I am having a really bad time at the moment, just separated, waiting for DH to move into the flat he has just bought, we are both at my parents at the moment.
Thing is DH is constantly making me feel guilty about the fact that I will have our DD full time, says I can never understand what this is doing to him, that he won't be able to put her to bed every night etc etc. I understand this and know it is really hard, I have offered for him to visit any time, he can take her on holidya in the half term coming up, that I will take her to his for dinner etc, but he still insists that whatever I do won't help.

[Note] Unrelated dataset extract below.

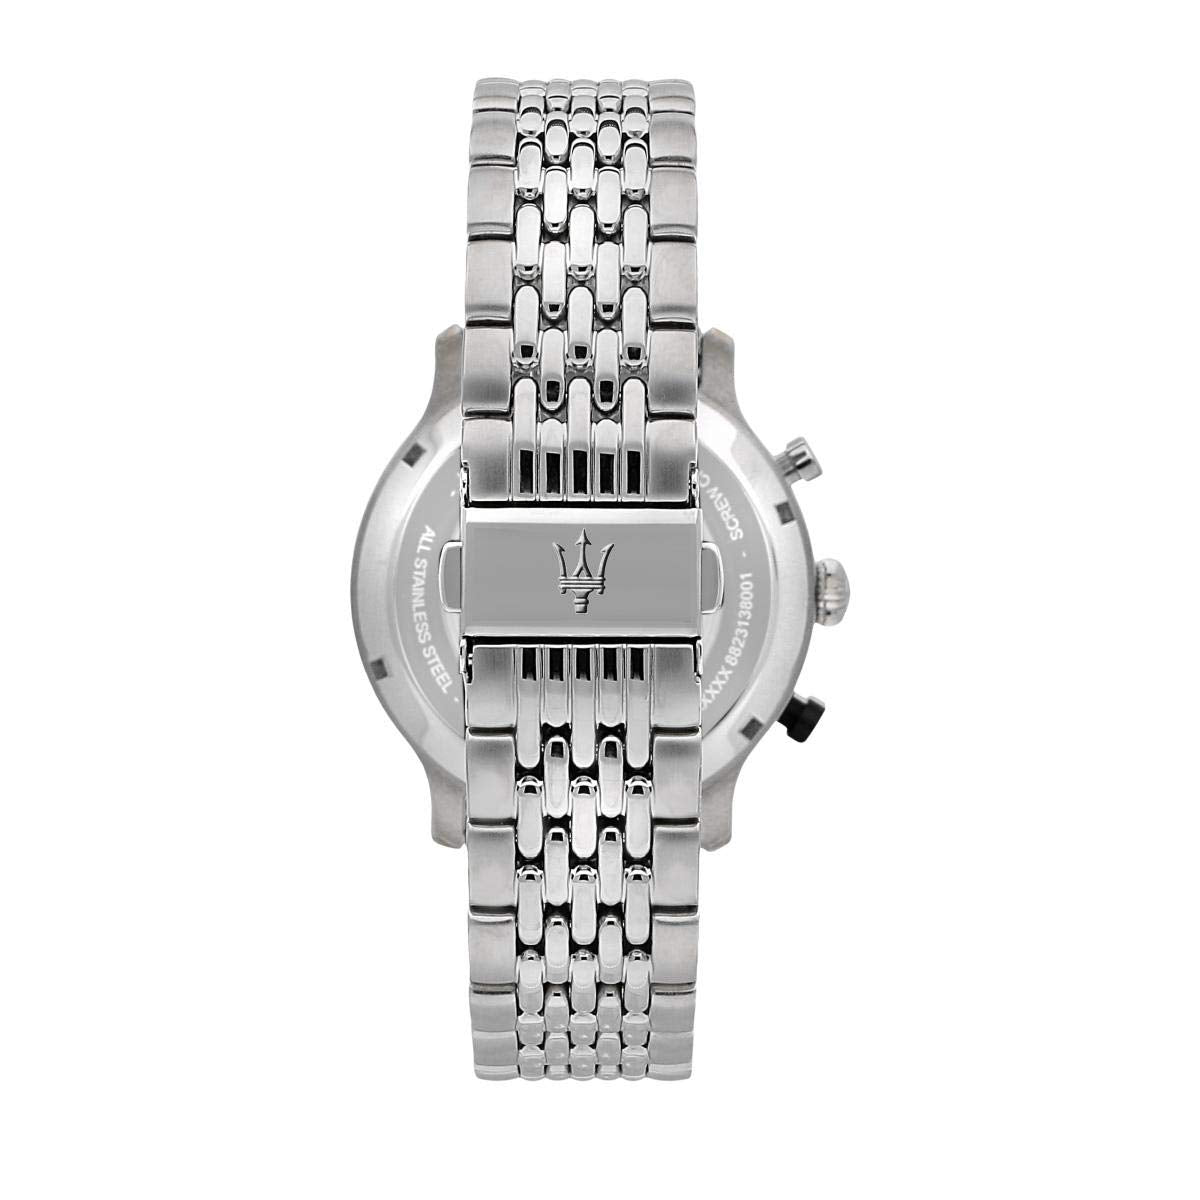 Maserati Analog Black Dial Men's Watch R8873638001

However, whilst I can empathise to a certain extent, he also makes me angry. He is going to stay in London at his parents house all week despite moaning how little time he will get to spend with DD, he is doing this because he "doesn't feel comfortable" at my parents, which is understandable, but they are at work until at least 6 every day and he is on the school holidays....he has all day PIL free! Also when we were living apart temporarily before (whilst he sold the house), I offered to bring her over to see him (we were in 2 different towns and neither drives), I asked him to come over to see us and he refused, he didn't see her for about 3 weeks! When asked about this he said "it was too painful to visit".
Whilst I have some sympathy I am sick of him putting himself first, he is now talking about not coming here to visit as he doesn't feel comfortable, despite the fact that my parents have bent over backwards to be nice and help him all they can. To me it looks as though he wants to be hard done by, am I being evil just wanting him to put DD first and get on with things?